Today was a tough day… very very mentally draining at my work. Its like I am juggling 100 balls at times in trying to remember all the things that I have to remember to do and remind other people to do. Lately I don’t cope so well with it. It makes me race on the inside, I don’t like it, and I don’t see the end in sight, which is the nature of my job but some days I wonder how will I keep up?
Today I also had a lot of things on my mind. In particular someone that I was praying for. I had one of those days that God was in the forefront of my mind, despite my stress levels. Every time I took a little break I was praying and talking to God… and I could hear him… giving me His words and His wisdom.
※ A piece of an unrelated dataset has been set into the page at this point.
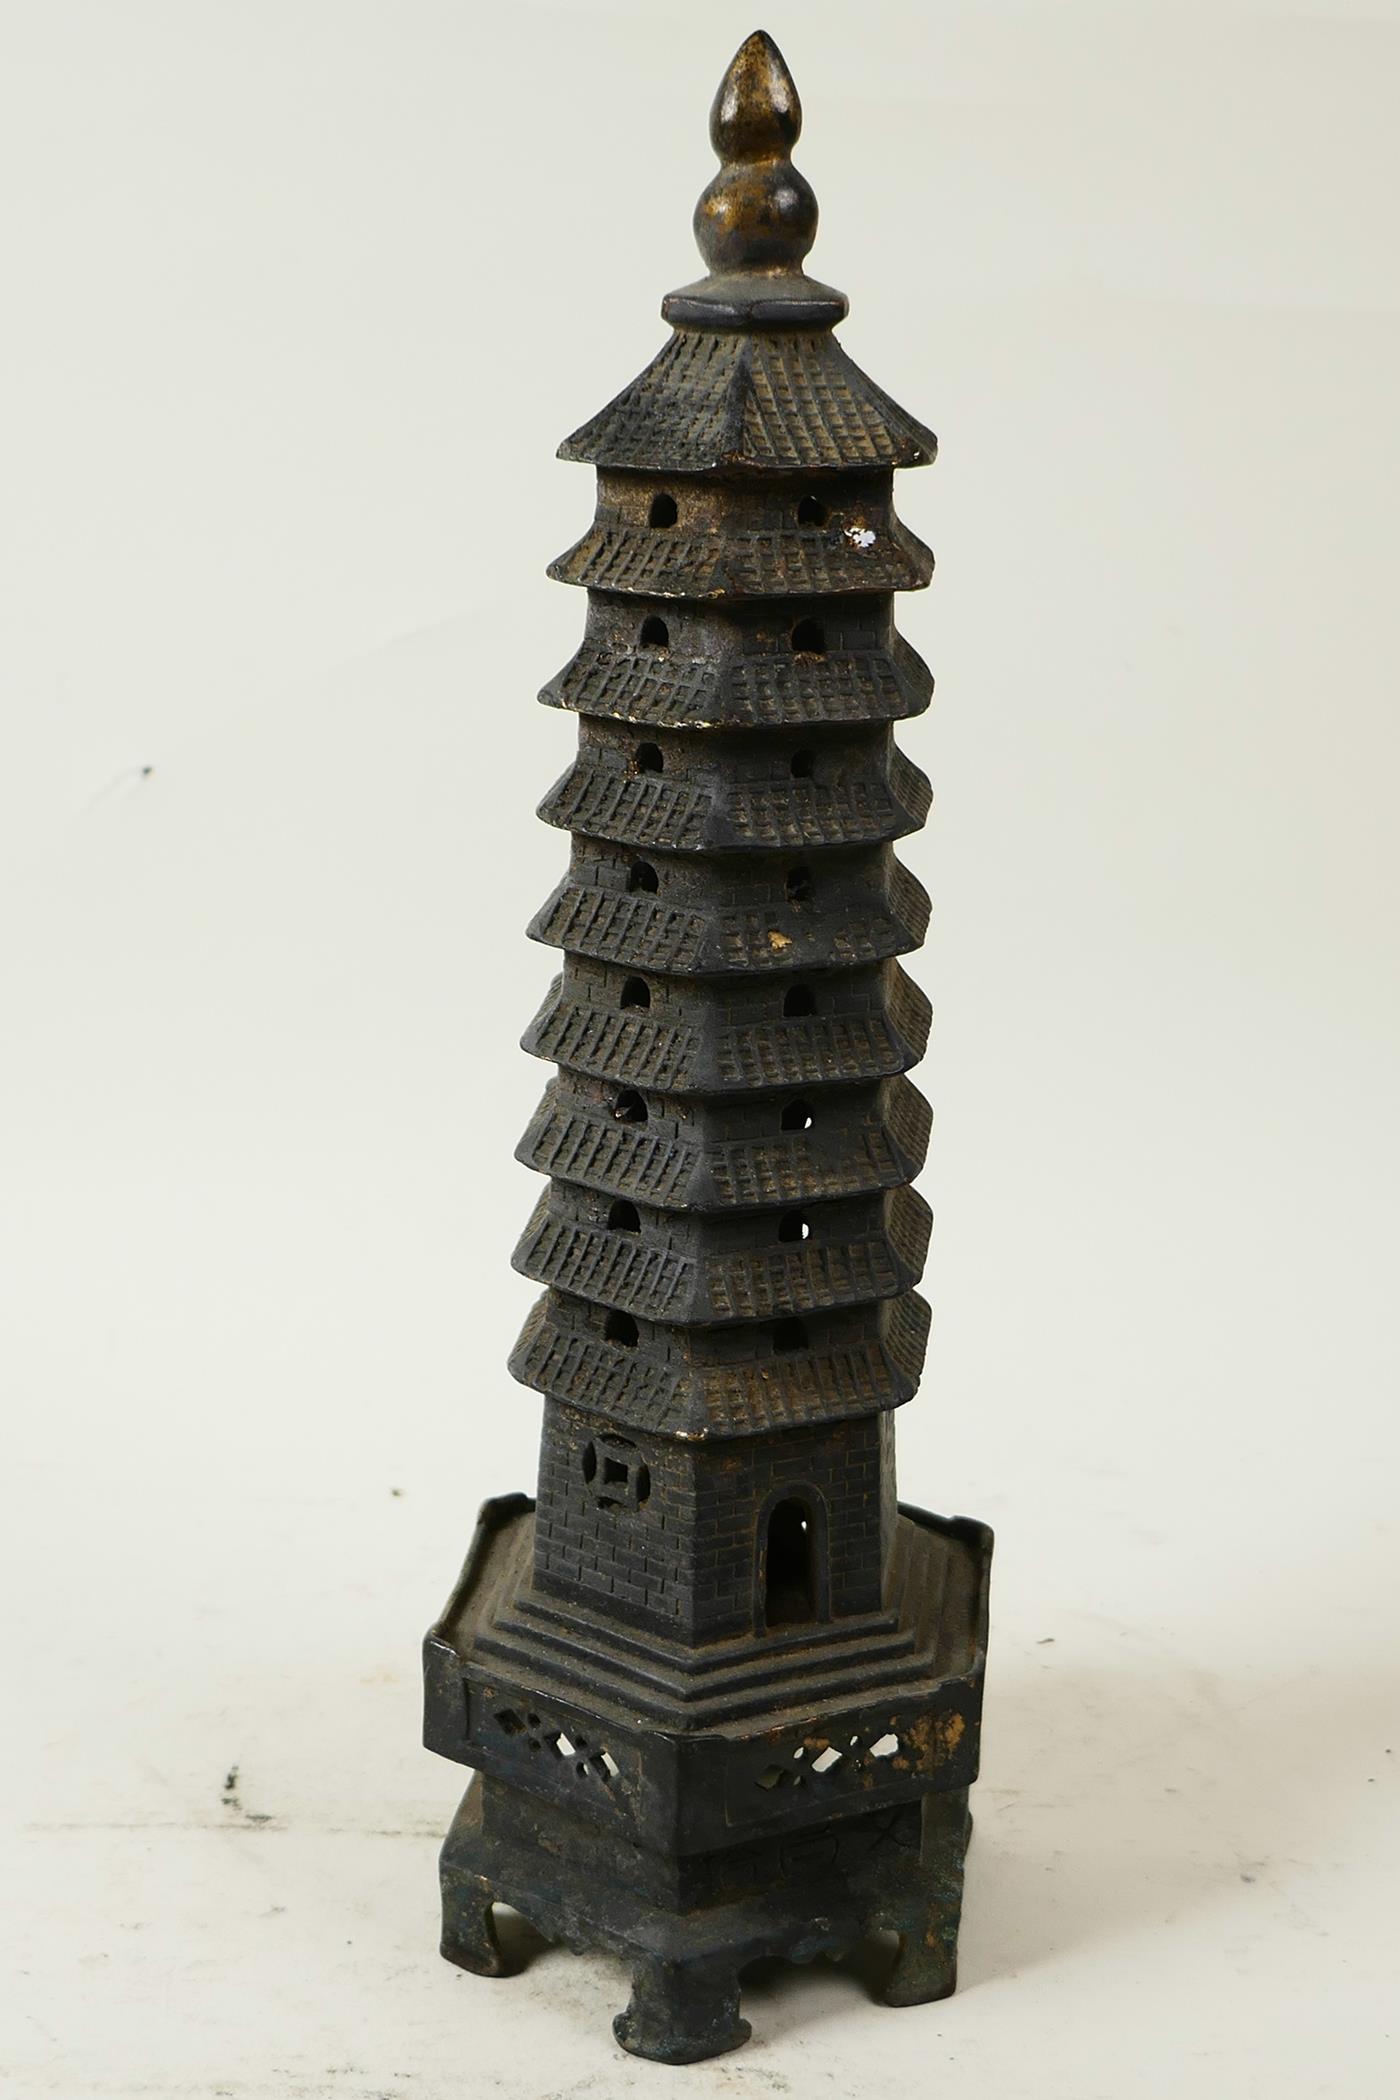 A Chinese bronze model of a tall pagoda, 11¾" high - Image 2 of 3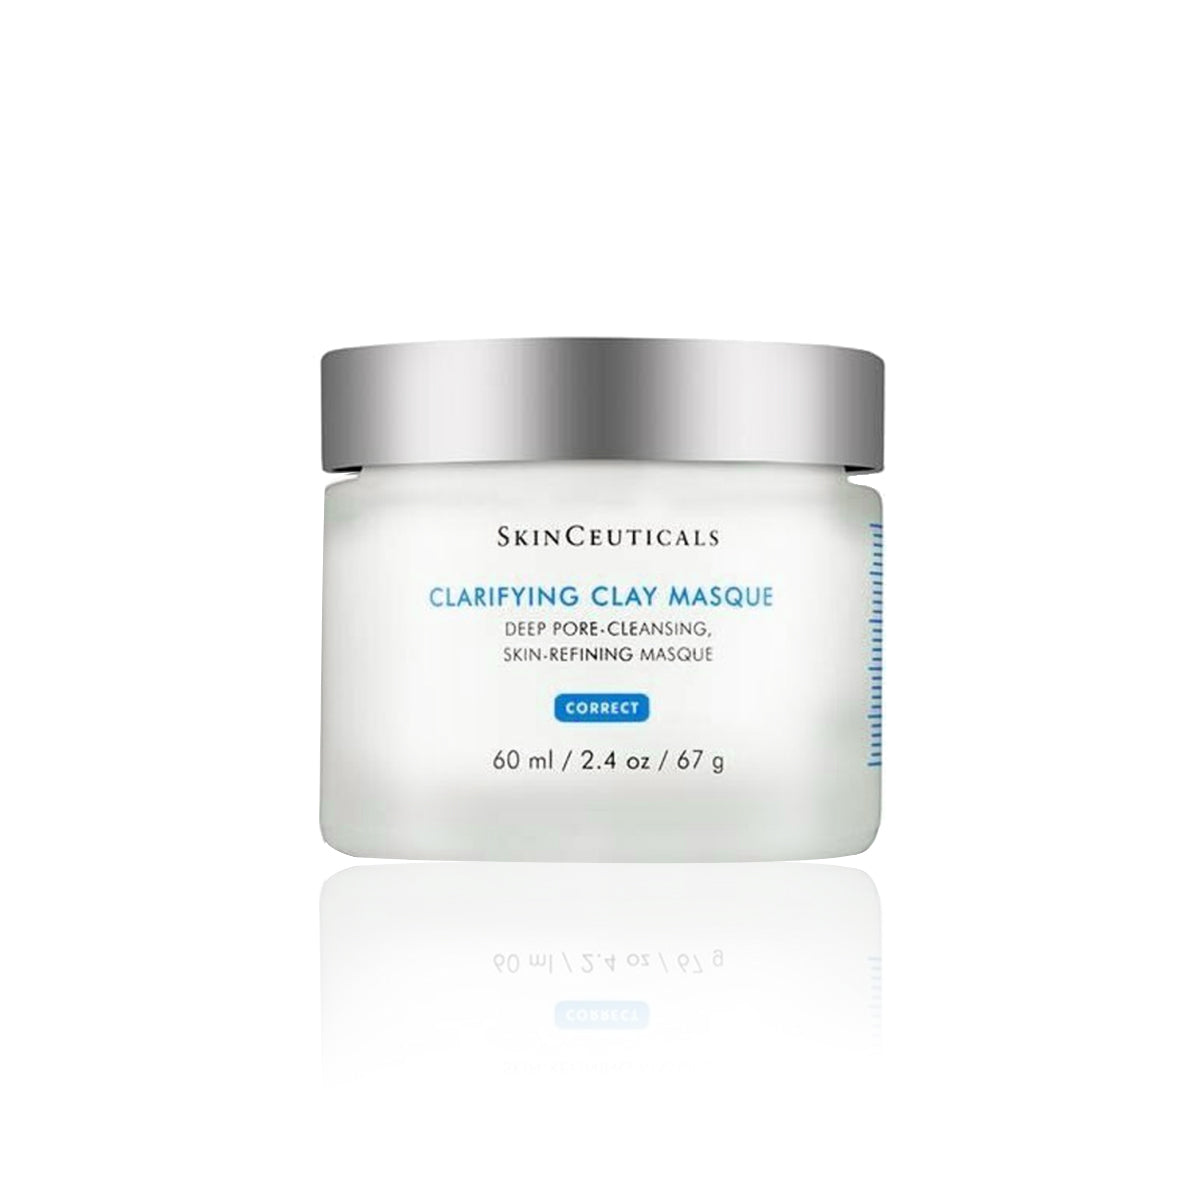 SkinCeuticals Deep Purifying Mask | CLARIFYING CLAY MASQUE 60g

Verses started coming to me… just the ones that I needed, I was amazed and blessed, the verses I needed according to the prayers that were in my heart. He was giving me the promises to claim for this prayer need.
I praised Him as I walked around, and did my work, and in those spare moments that I had to myself I praised Him and it was such a joy… Talking to Him through the day was like life to my body soul and spirit.
Ask Him to speak to you and ask Him to give you ears to hear what he is saying to you and showing you… He will… and despite the stress you might be going through at the same time it will revitalise you.
His Word is life. Do not doubt it and do not brush it off.
His word creates framework for change to be built on.
Speak to Him, speak His Word, hear His words.